Here are four more - look - no sails!
Bob


----------



## Ian (Mar 27, 2004)

Bob

Don't suppose you have a photo of one of my old ships that you made a model of some years ago? I refer of course to the old samboat "Samloyal", later to become South American Saint Line's "St Helena"? I know we share a common interest in the name!


----------



## K urgess (Aug 14, 2006)

Trouble is your models always fill me with envy, Bob.
I keep thinking I must have a go at that but I have a list of things as long as your arm of thing I "must have a go at".
Retirement is no holiday. [=P]
You can understand why today's generation don't want to carry on the craft when there are "easier" ways of earning money.
I have been heartened to see the number of young faces interested in stone masonry during various programs about our cathedrals etc. It seems that craft may survive.

Cheers
Kris


----------



## Shipbuilder (Jun 30, 2005)

Thanks for replies. I am now on the brink of "retirement" myself, having less than 6 months to go to 65. Tax allowances leapt up this morning as it apparently counts during the 65th year & don't have to actually wait for birthday. 
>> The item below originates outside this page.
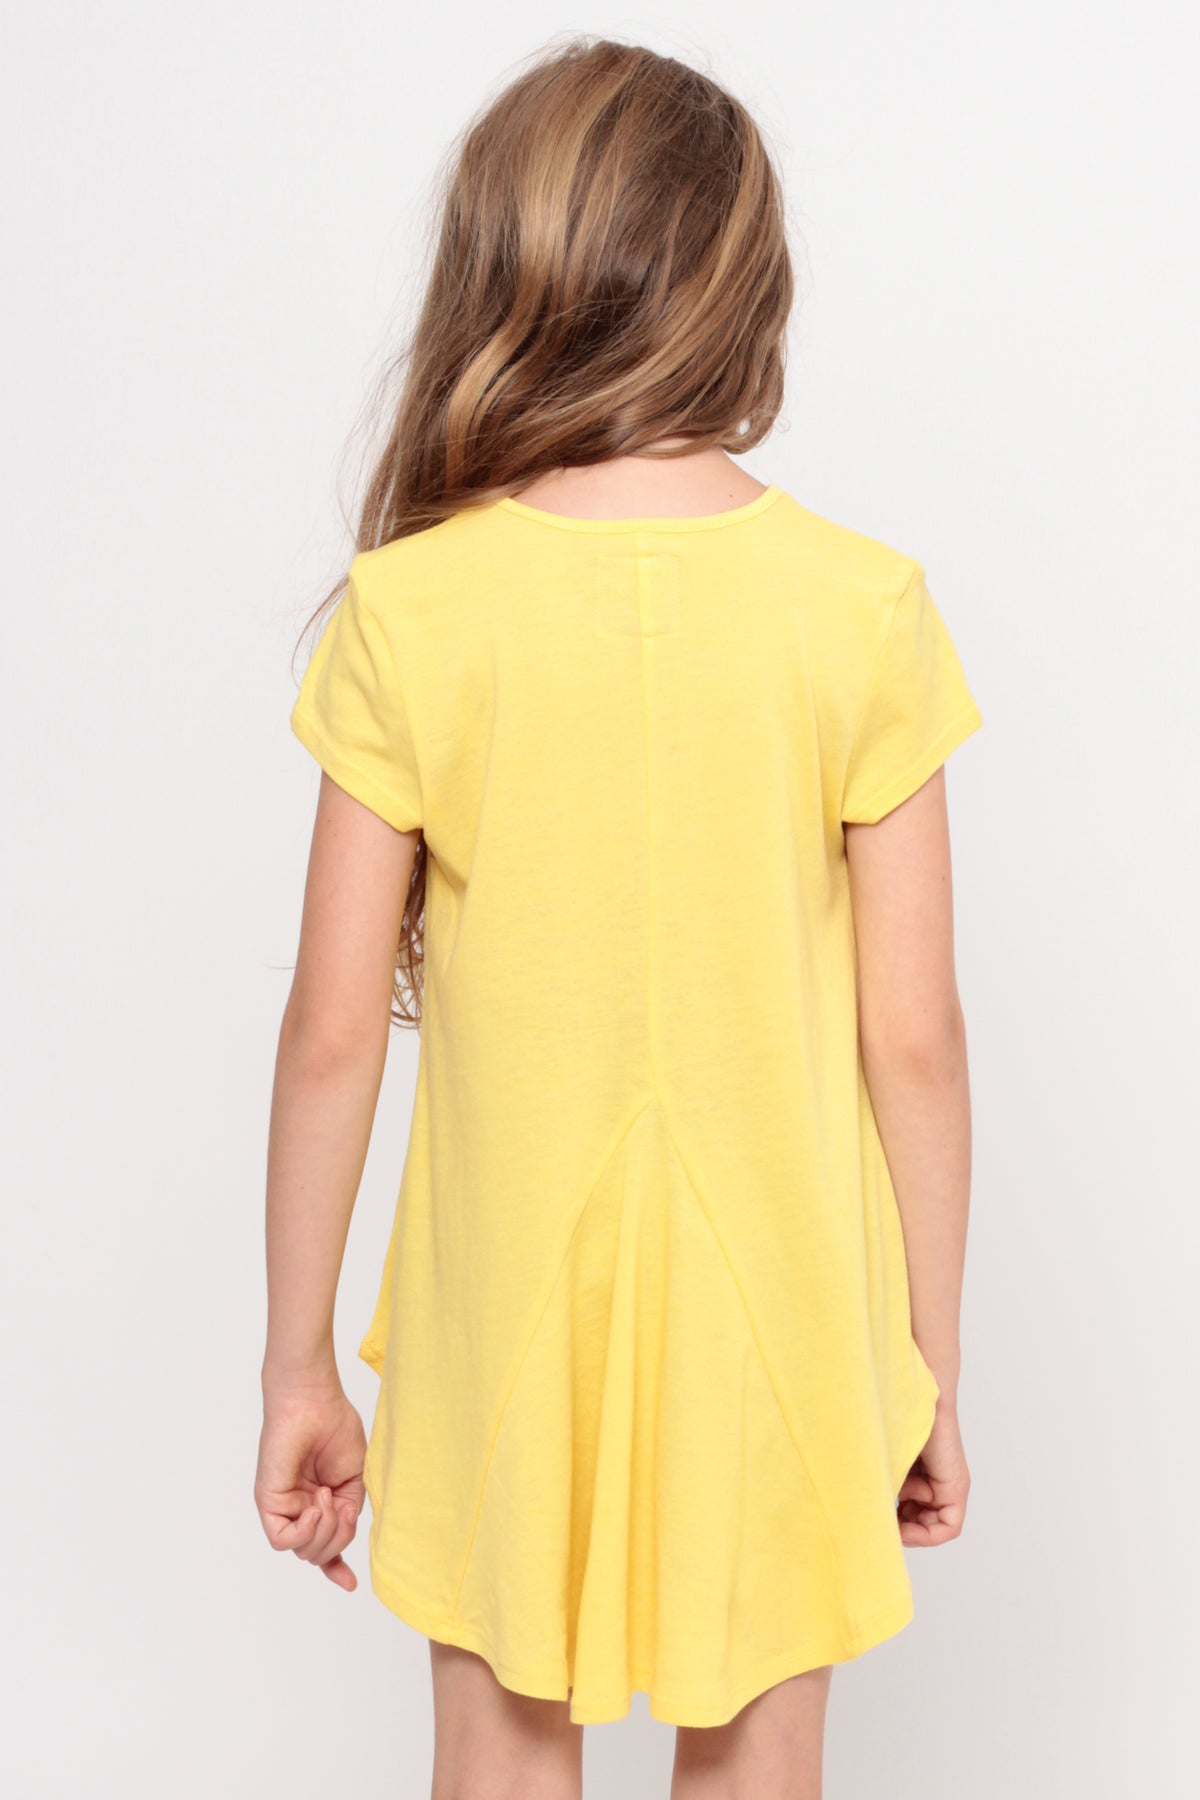 So Over It | Hi-Low Ruffle Back Top - Yellow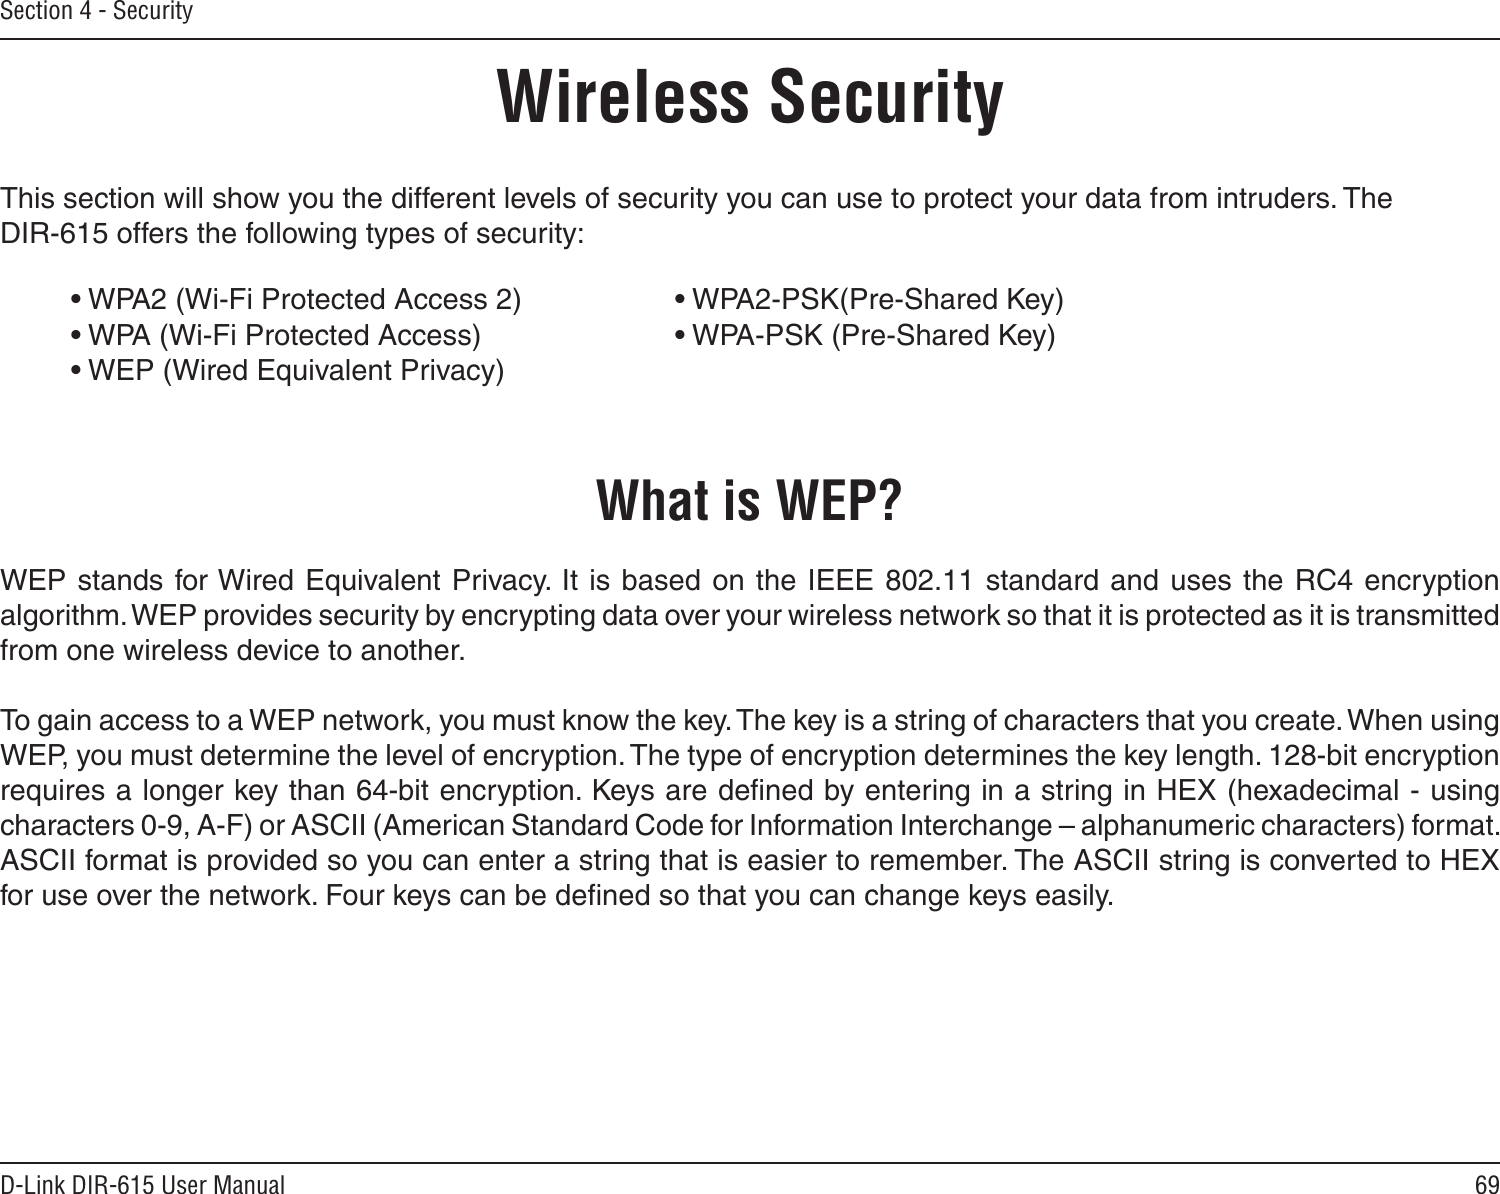 69D-Link DIR-615 User ManualSection 4 - SecurityWireless SecurityThis section will show you the different levels of security you can use to protect your data from intruders. The DIR-615 offers the following types of security:• WPA2 (Wi-Fi Protected Access 2)     • WPA2-PSK(Pre-Shared Key)• WPA (Wi-Fi Protected Access)      • WPA-PSK (Pre-Shared Key)• WEP (Wired Equivalent Privacy)What is WEP?WEP stands for Wired Equivalent Privacy. It  is based on the IEEE  802.11 standard and  uses the RC4  encryption algorithm. WEP provides security by encrypting data over your wireless network so that it is protected as it is transmitted from one wireless device to another.To gain access to a WEP network, you must know the key. The key is a string of characters that you create. When using WEP, you must determine the level of encryption. The type of encryption determines the key length. 128-bit encryption requires a longer key than 64-bit encryption. Keys are deﬁned by entering in a string in HEX (hexadecimal - using characters 0-9, A-F) or ASCII (American Standard Code for Information Interchange – alphanumeric characters) format. ASCII format is provided so you can enter a string that is easier to remember. The ASCII string is converted to HEX for use over the network. Four keys can be deﬁned so that you can change keys easily.

ST. HELENA - No sooner said than done - here you are. This was one of my great successes. I only had a little time for the sales deadline, so chose a Liberty for ease of build. It took 39 hours & went for £998 at Christie's, London in 2001.

Bob


----------



## K urgess (Aug 14, 2006)

Nice return on that last one, Bob.
Don't ever try to sell them in East Yorkshire though. 
That sort of price is usually reserved for museum quality builder's models of trawlers.


----------



## RGascoyne (Jul 29, 2006)

Bob:
As always, you models are magnificent and one of these days when the markets recovery and I can retire, I must try to emulate at least a portion of your skills. Best wishes from a past shipmate.......RG


----------



## Ian (Mar 27, 2004)

Shipbuilder said:


> ST. HELENA - No sooner said than done - here you are. This was one of my great successes. I only had a little time for the sales deadline, so chose a Liberty for ease of build. It took 39 hours & went for £998 at Christie's, London in 2001.
> 
> Bob


Thanks Bob, much appreciated. Worth every penny, just wish I had it!!


----------



## jerome morris (May 27, 2008)

Bob, Your plight is the same on this side of the pond. Young kid's have no interest in history, especially maritime history.
I've been building models for the past 40 years, and I'm 46.
It breaks my heart when a customer comes in with there kid(s) in tow.
They give a quick look and Ho Hum...can we go now kind of look. 
They will probably text message there friends about this guy that plays with little boats! Sad Sad Sad!


----------



## Shipbuilder (Jun 30, 2005)

Thanks for further replies. I suppose it is the computer that has caused all this & goodness knows where it will end up. I can't imagine not making anything, doesn't really matter what it is. Yesterday I was building a radio, day before that repairing roof slates. I see of the last lot above that I posted, the tanker LOUISIANA has most views. Tankers are not very popular & don't normally go well, but I like to build them occasionally as the pipework makes a change from deck fittings on cargo ships. Other tankers I have built include BRITISH ENDURANCE, SAN ALBERTO, BOSUN BIRD (Ex ESSO DOVER) & GULFBIRD.
Bob


----------



## Shipbuilder (Jun 30, 2005)

This post has been very interesting to me as I look at the number of views of each model. I see that the ASAMA MARU seems to be the least popular, but of all the ones above, this one is the only one that topped the £1,000 mark at Christie's. I was delighted of course, but I was a bit dismayed to see the model re-appear some time later on an American gallery website valued in excess of $5,000! Such is life!
Today, I have been developing "blue fingers" pressing blue plasticine into a sea base for my current construction & generating heaps of dust smoothing the hull. The "sea" has now been handed over to my wife for painting & finishing. Day off tomorrow - pleasant morning in town visting the twice-weekly giant car boot sale on the market (Preston, Lancs) & doing whatever we feel like in afternoon.
Bob


----------



## jerome morris (May 27, 2008)

Bob, Have you written a book on your ship modeling? I know I've seen an article on the tanker Louisiana, possibly in a issue of Model Shipwright?
Love your work!


----------



## Shipbuilder (Jun 30, 2005)

Hi Jerome,
I have written regularly for MODEL SHIPWRIGHT for some years now & LOUSIANA appeared in it some time back. I recently turned down an offer of a contract to write a book on the subject because book writing involves an awful lot of work, with deadlines & lots of hassle etc & usually takes several years to come out anyway. I had a part-autobiography published a couple of years ago by a Scottish publisher. It had been rejected on a regular basis for a number of years by most of the mainstream maritime publishers with the usual excuse "no-one is interested in personal reminiscences about boats these days!" Despite this, it has virtually sold out now. I have never understood why so many maritime publishers keep pumping out books on TITANIC, CUTTY SARK, BOUNTY & VICTORY & then wonder why they don't sell very well - could be that folk are fed up of exhausted subjects. Anyway, although I have no complaints about the publisher of my book, they did a fine job, it has really put me off going through the whole procedure again with a modelmaking book. It is article writing only for me these days, pay is exceptional. 
I also stick to obscure & semi-obscure subjects as I find them more interesting & apparently so do collectors.
Bob


----------